Tuesday: 8 miles on the treadmill, 9 minute pace

Wednesday: Rest

Thursday: Unscheduled rest.  Legs still feeling like poo from the previous week’s long run disaster so I decided to move Thursday’s run to Friday.

Friday: 8 miles very easy on the treadmill, 10 minute pace

Saturday: 6 miles very easy on the treadmill, 10 minute pace

Sunday: #FAIL

This was supposed to be the Lake Effect Half Marathon with Britt and Laura.  I had planned on running about 2 miles as a warmup and then the race.  The race is a double out and back in a park in Syracuse, and is always a bit of a crapshoot given that it’s February.  In Syracuse.

However, no fresh snow had fallen the morning of the race and I expected the parkway to be fairly clear.

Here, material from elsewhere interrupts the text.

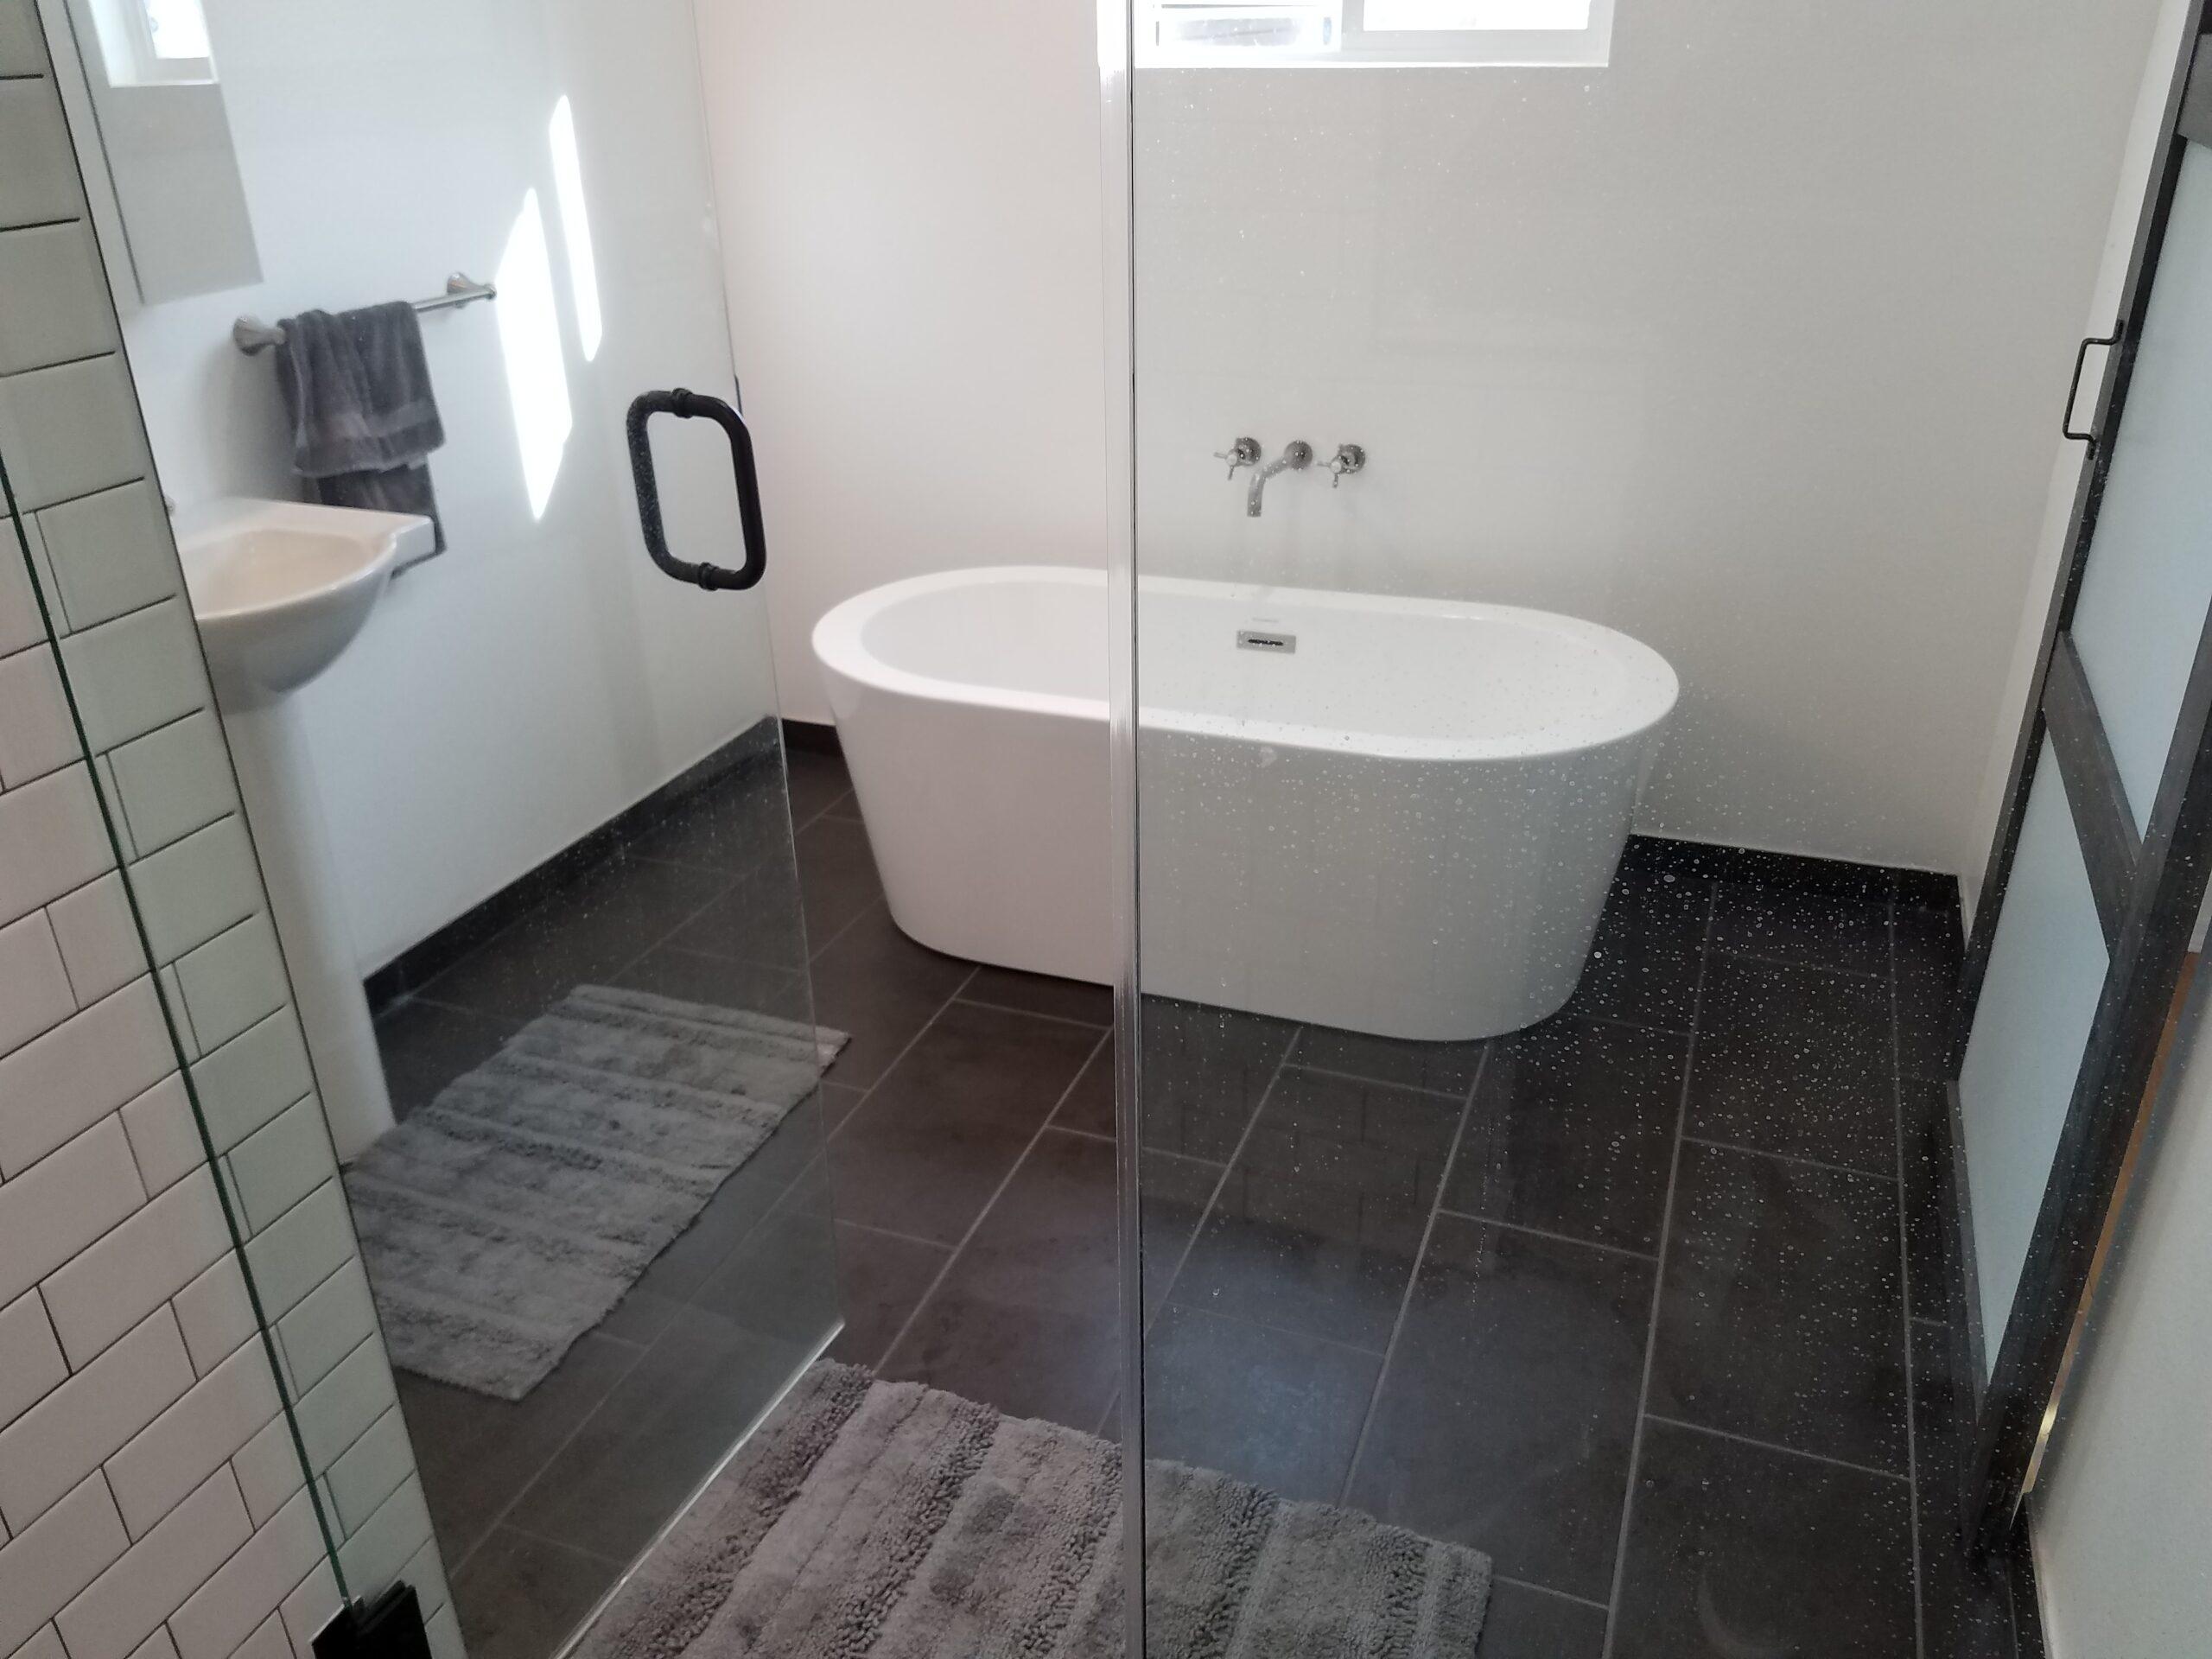 image showing bathroom conversion

onondaga-lake-parkway-lake-effect-half-marathon

Yeah, about that.

If I had my Yaktrax with me, I would’ve run (slowly – this wouldn’t have been a day for racing).  If I hadn’t had such a disastrous run the previous week reminding me how hard it is to run on snow, ice and slush – I would’ve run.  But neither of those things were going to work in my favor (I live about 40 minutes away from the park so driving home to grab my ‘trax quickly would not have been a viable option).

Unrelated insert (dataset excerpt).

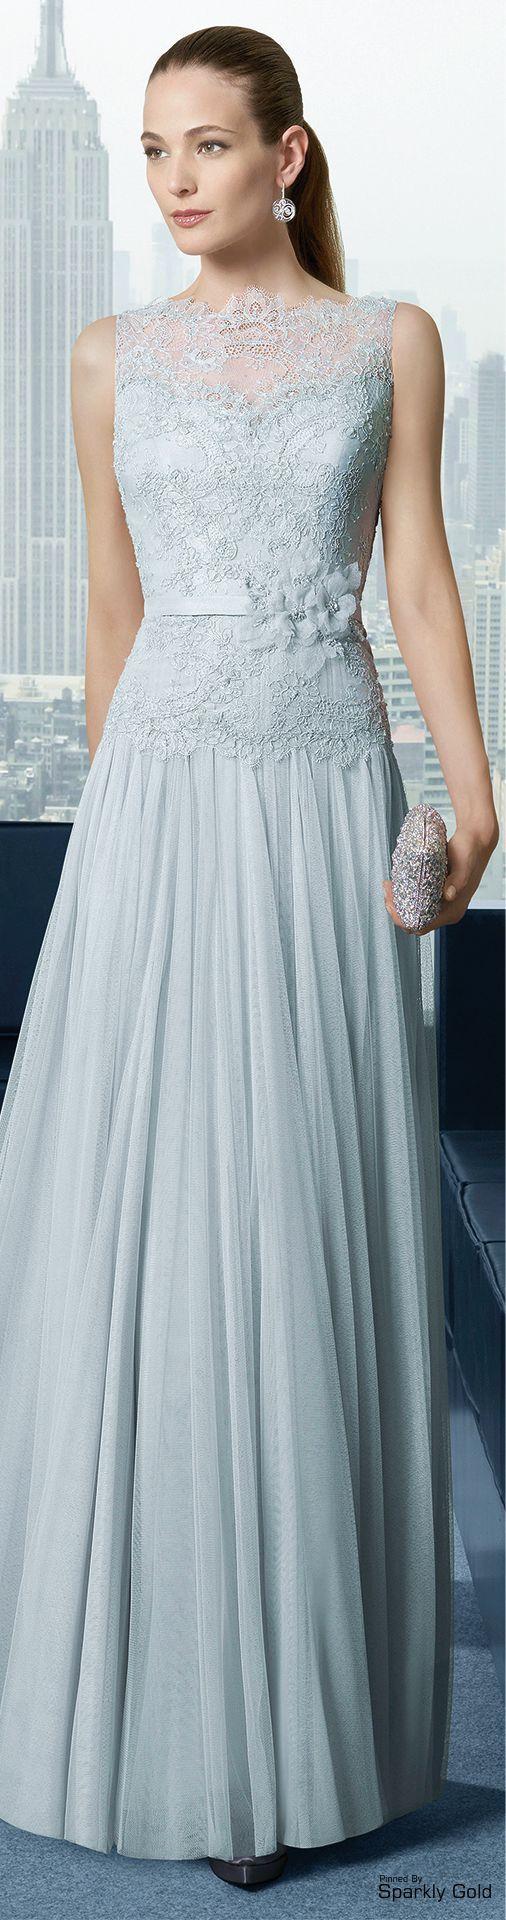 Mejores 395 imágenes de Party Dresses en Pinterest | Vestidos ...

I decided to not run the race.  It didn’t feel good but I knew it was the right call.  I knew that I was only risking injury by running, even slowly.

If I was a little bit more committed, I would’ve abstained from booze brunch after and hit up the gym to get my miles done on the treadmill.  But I am me, and I am not that committed.

better-than-running

Hanging with these ladies > running 13 on a treadmill.

Total: 22 miles (yikes.)


 

I thought about running on Monday and trying to make up the missed miles, but decided to just get back on track with the plan.  A lot of this had to do with the fact that my calf and hip were still tight and bothering me a bit.

Monday: Rest

Tuesday: 6 miles on the treadmill, 9:20 pace.

Wednesday: 8 miles on the treadmill, 9:25 pace.

Thursday: 6 miles on the treadmill, 10 minute pace.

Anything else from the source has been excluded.